Naval Beach Unit Seven, (NBU-7) is a United States Navy amphibious unit based at United States Fleet Activities Sasebo in Sasebo, Japan.

Mission 
Naval Beach Unit Seven is a one of a kind Navy command that provides a limited Defensive Combat Operations (DCO) capability in support of Amphibious Operations and Humanitarian Assistance/Disaster Relief efforts (HADR). Using its assigned Landing Craft Air Cushion (LCAC), Landing Craft Utility (LCU) and Beach Party Team (BPT), NBU-7 supports the movement of troops, equipment, vehicles, and supplies from amphibious shipping to beaches around the world.

Naval Beach Unit Seven reports to Naval Beach Group 1.

History 
Beachmaster Unit was formed from the Navy Shore Party of World War II. The Shore Party formed the nucleus to which the various land and naval elements were assigned for an operation. The naval elements included the Underwater Demolition Team, a Naval Pontoon Unit, and a Boat Pool. Units called Beach Parties were formed and were composed of members of the ship's crew to ensure the mass movement and orderly flow of troops, equipment and supplies, through the surf zone, onto the hostile shore, and across the assault beaches to achieve the success of the amphibious operations. The original units consisted of approximately two officers and thirty men, to support the landing of the battalion of troops. In July 1948, the Chief of Naval Operations ordered the commissioning of the Beachmaster Unit as a separate command with designation as Beachmaster Unit One. Due to the operational need for a Forward Deployed Naval Force (FDNF) NBG-1 created a Western Pacific Detachment (WESTPAC DET) consisting of LCACs, LCUs, and BPTs all in one geographical location, combining a Beach Master Unit and an Assault Craft Unit for the first time in naval history. This WESTPAC DET was commissioned on August 1st, 2012 into Naval Beach Unit Seven(NBU-7) and is no longer associated with BMU-1.

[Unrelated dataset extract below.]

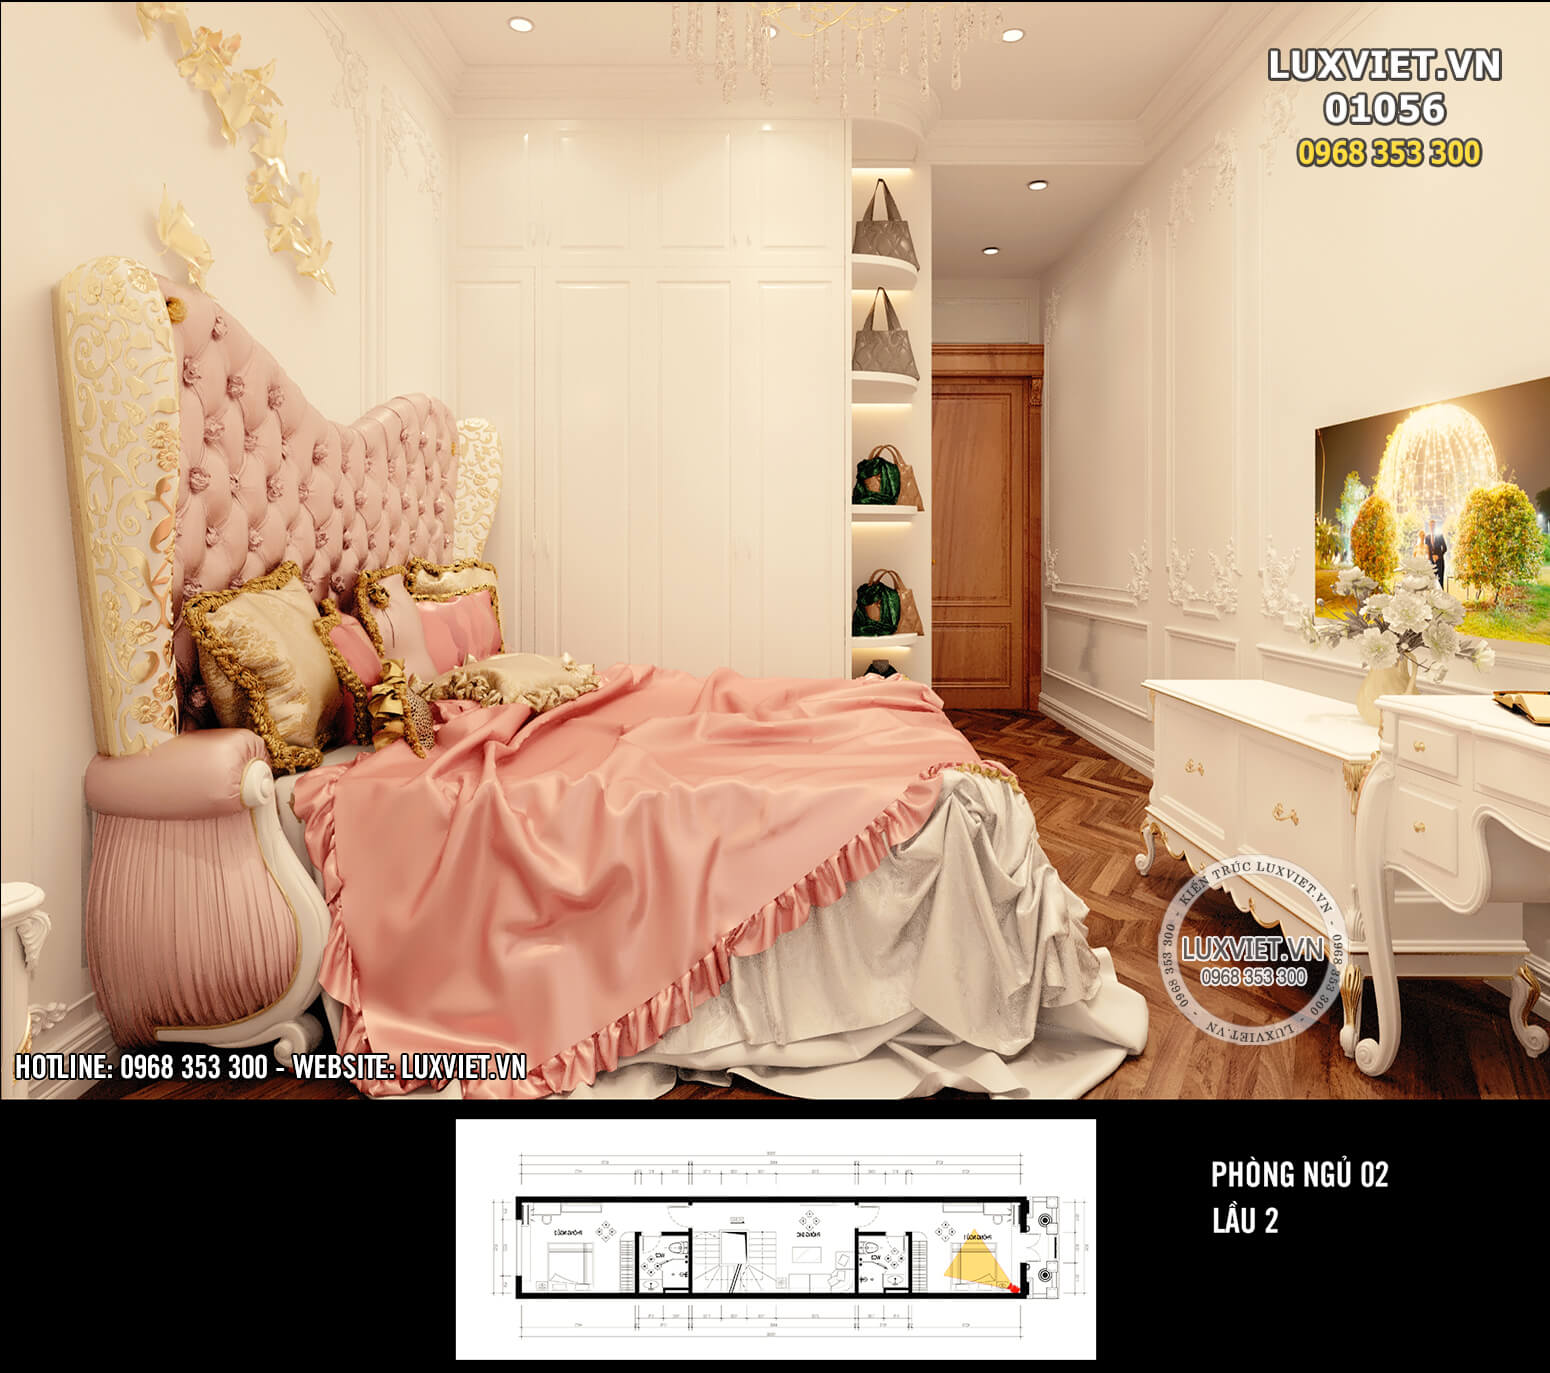 Hình ảnh: Phòng ngủ tông màu hồng dễ thương - LV 01056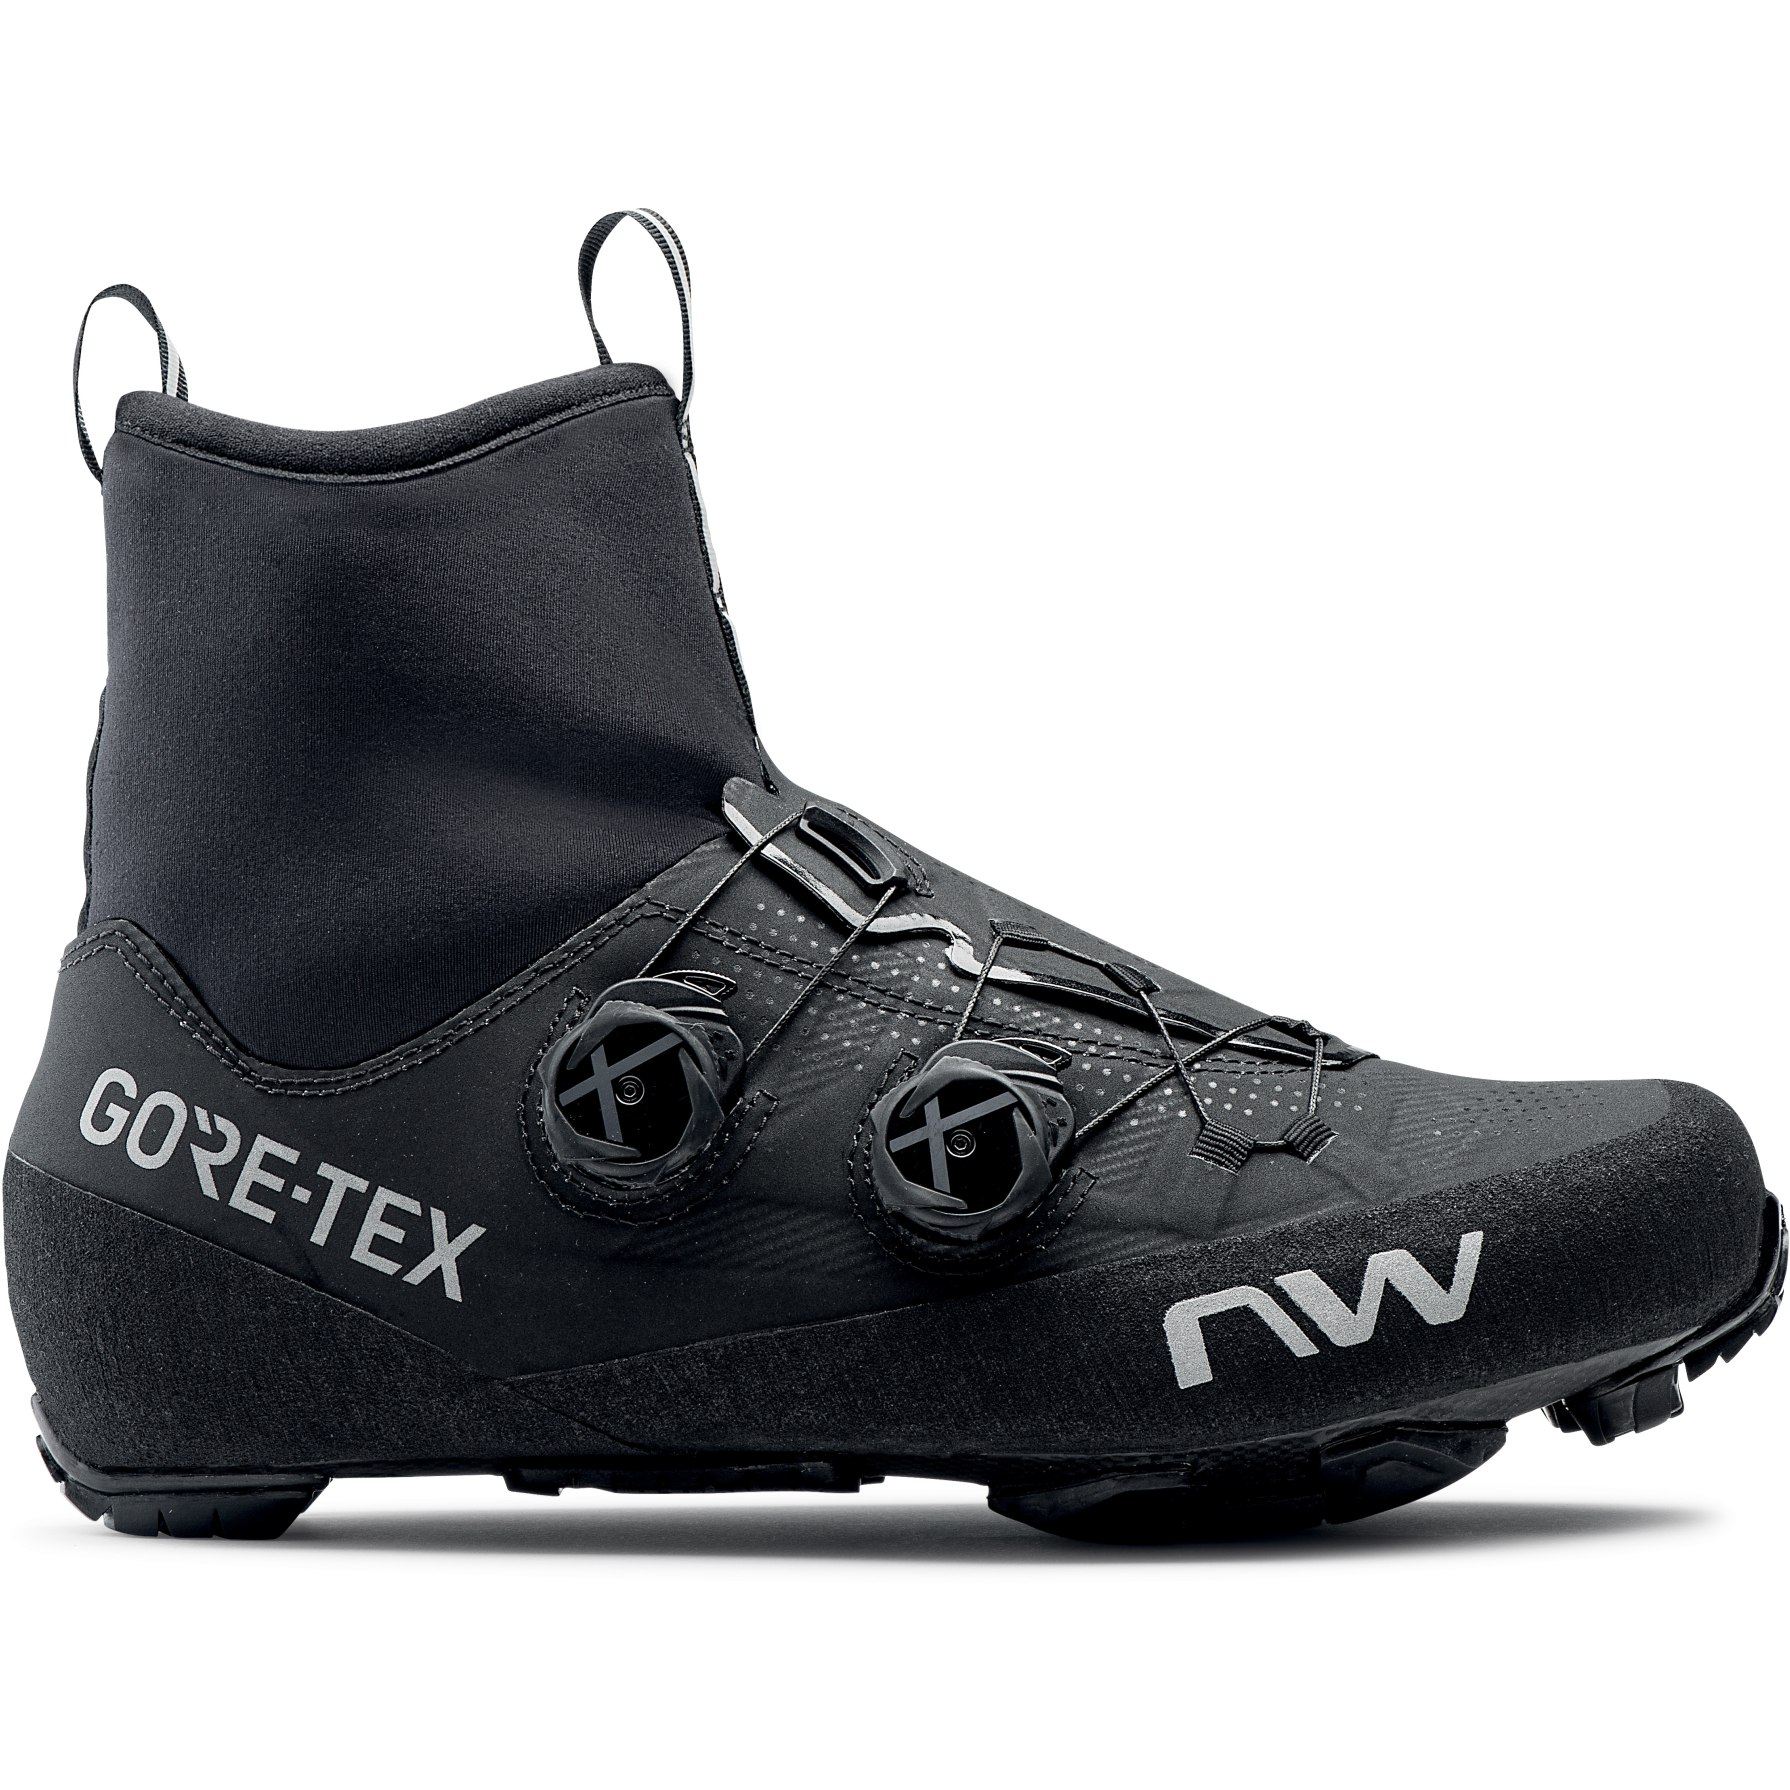 Bild von Northwave Flagship GTX MTB Schuhe - schwarz 10

Naval Beach Unit (NBU) 7 and the 1224th Engineering Support Company, Guam Army National Guard worked together to load heavy equipment vehicles onto the amphibious dock landing ship  for transport to Saipan in support of disaster relief efforts after Super Typhoon Yutu on November 6, 2018.

In November, 2019 the unit participated in Tiger Triumph, the first-ever tri-service exercise involving the U.S. Navy and Marine Corps and Indian Army, Navy and Air Force.

Naval Beach Unit (NBU) 7 held a change of command ceremony onboard Commander, Fleet Activities Sasebo where Commander Greta Densham was relieved by Commader Kirk Sowers, Dec. 12 2019.

Awards 

Naval Beach Unit (NBU) 7 was announced as the fiscal year 2017 Secretary of the Navy (SECNAV) Safety Excellence Award recipient for the expeditionary unit category on October 23.

Bi-lateral partners

Trivia 
For many years (late 90's to early 2000's) there was a dog living around the base. It was named Chu-hi (after a local alcoholic beverage). At some point after 2015 it was adopted by a someone from the base to retire with honor.